Maltepe is a district in Istanbul, Turkey, on the northern shore of the Sea of Marmara. It touches Kadıköy district to the west, Kartal to the east and Ataşehir to the northwest. The mayor of Maltepe is Ali Kılıç (CHP).

History
In Byzantine times, the area was known as Bryas (). In ca. 837, the emperor Theophilos (r. 829–842) erected here a palace in Arab style, inspired by the palaces of the Abbasids in Baghdad, described to him by his ambassador to the Abbasid court, John Grammatikos. A ruin in nearby Küçükyalı has been identified as it.

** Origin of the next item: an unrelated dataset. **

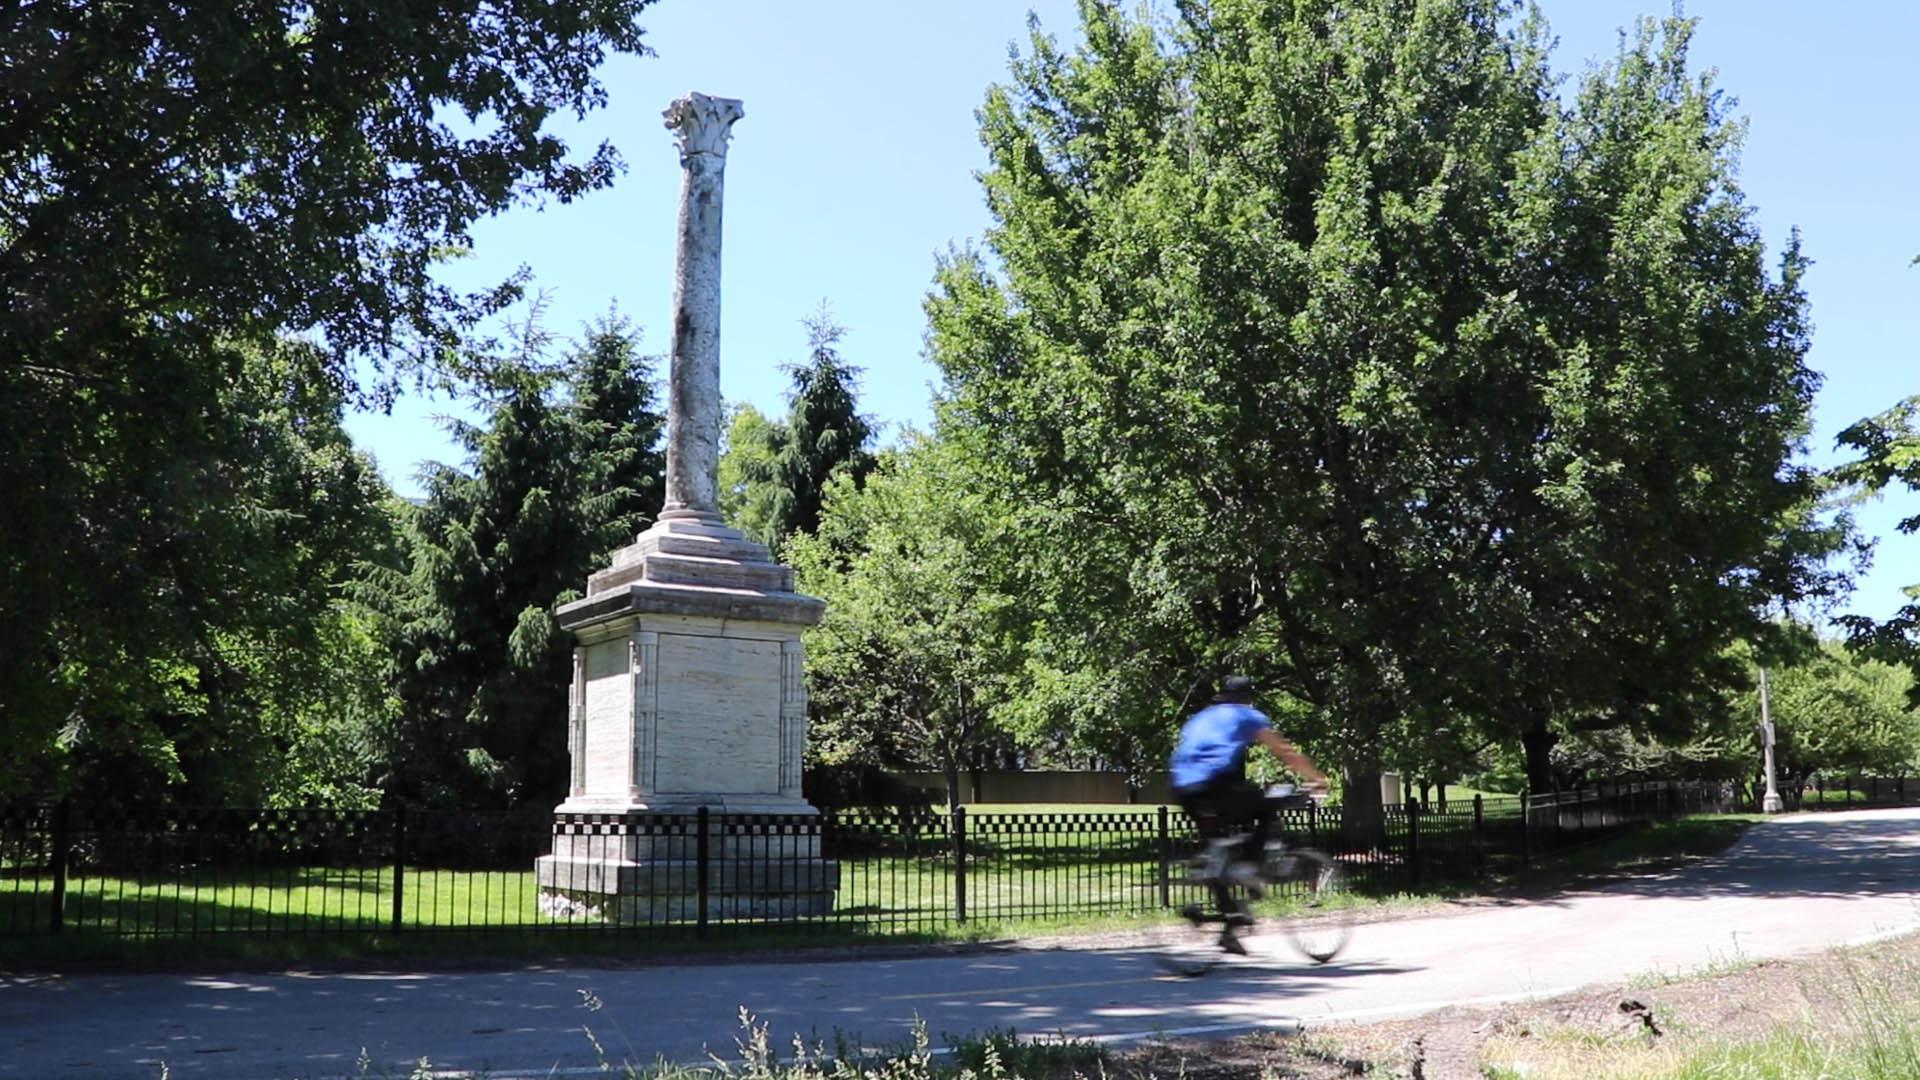 A cyclist on the lakefront trail rides past Balbo Monument, a 1933 monument gifted to the city by Italian fascist dictator Benito Mussolini. (Evan Garcia / WTTW News)

This coast has been a retreat from the city since Byzantine and Ottoman times, and right up until the 1970s was a rural area peppered with summer homes for wealthy Istanbul residents. Being on the suburban railway line Maltepe was a favorite spot for day-trippers or weekenders to visit the beach and many summer houses were built there. Many of these houses remain but now Maltepe is no longer a beach retreat.

Maltepe today
The population grew rapidly from the 70's onwards when, following the building of the Bosphorus Bridge, it became possible to commute from here to the city. Medium of transport in today's Maltepe is done by rail and road. Railway is the route where old Maltepe was established between Maltepe's D-100 Highway and Marmara Sea. The highway divides Maltepe into three parts. This road connects Maltepe to Anatolia and the side roads to the neighboring districts. The second important highway is Bağdat Avenue. The street starts from Kızıltoprak in Kadıköy and continues until Cevizli in Maltepe.

Maltepe was badly damaged due to the  İzmit earthquake 1999 and most of the high-rise apartments blocks needed structural repairs, although some of the buildings in the district have been demolished over the years and replaced by new buildings, but some of them still have structural damage cracks.

The D-100 highway divides Maltepe into two horizontally. North of the highway is Başıbüyük, the slightly poorer area of Maltepe, a wooded hill on which the hospital (formerly Istanbul's tuberculosis isolation hospital) and also a large cemetery are located. However, today, the proportions of the part of Maltepe under the highway are slightly more developed than the part on the upper side. Between 1992 and 2004, it bordered Ümraniye from the northwest. However, in 1994, Yeni Çamlıca District was changed to Ümraniye and Ferhatpaşa District was transferred to Samandıra of Kartal district in 2004. The departure of Ferhatpaşa ends the neighbouring relationship between Maltepe and Ümraniye.

Maltepe is home to one of the largest mosques in Istanbul, named Cumhuriyet Mosque, which was built in the 2000s. There is a bookstore and a supermarket under the mosque. The Mosque has been built according to the traditional standard shape of a Turkish Mosque (rounded shape with 4 minarets) but internally it is particularly impressive with a tall high dome, a large gallery and balcony where women may pray. The galleries have carved wood frames and there are several large tiled mosaics around the Mosque of various sights of importance to Islam and Muslims. The Mosque has become something of a central point for Maltepe as it both can be seen from a considerable distance and is a central stop for buses and minibuses taking commuters from Kadıköy to the outskirts of the city.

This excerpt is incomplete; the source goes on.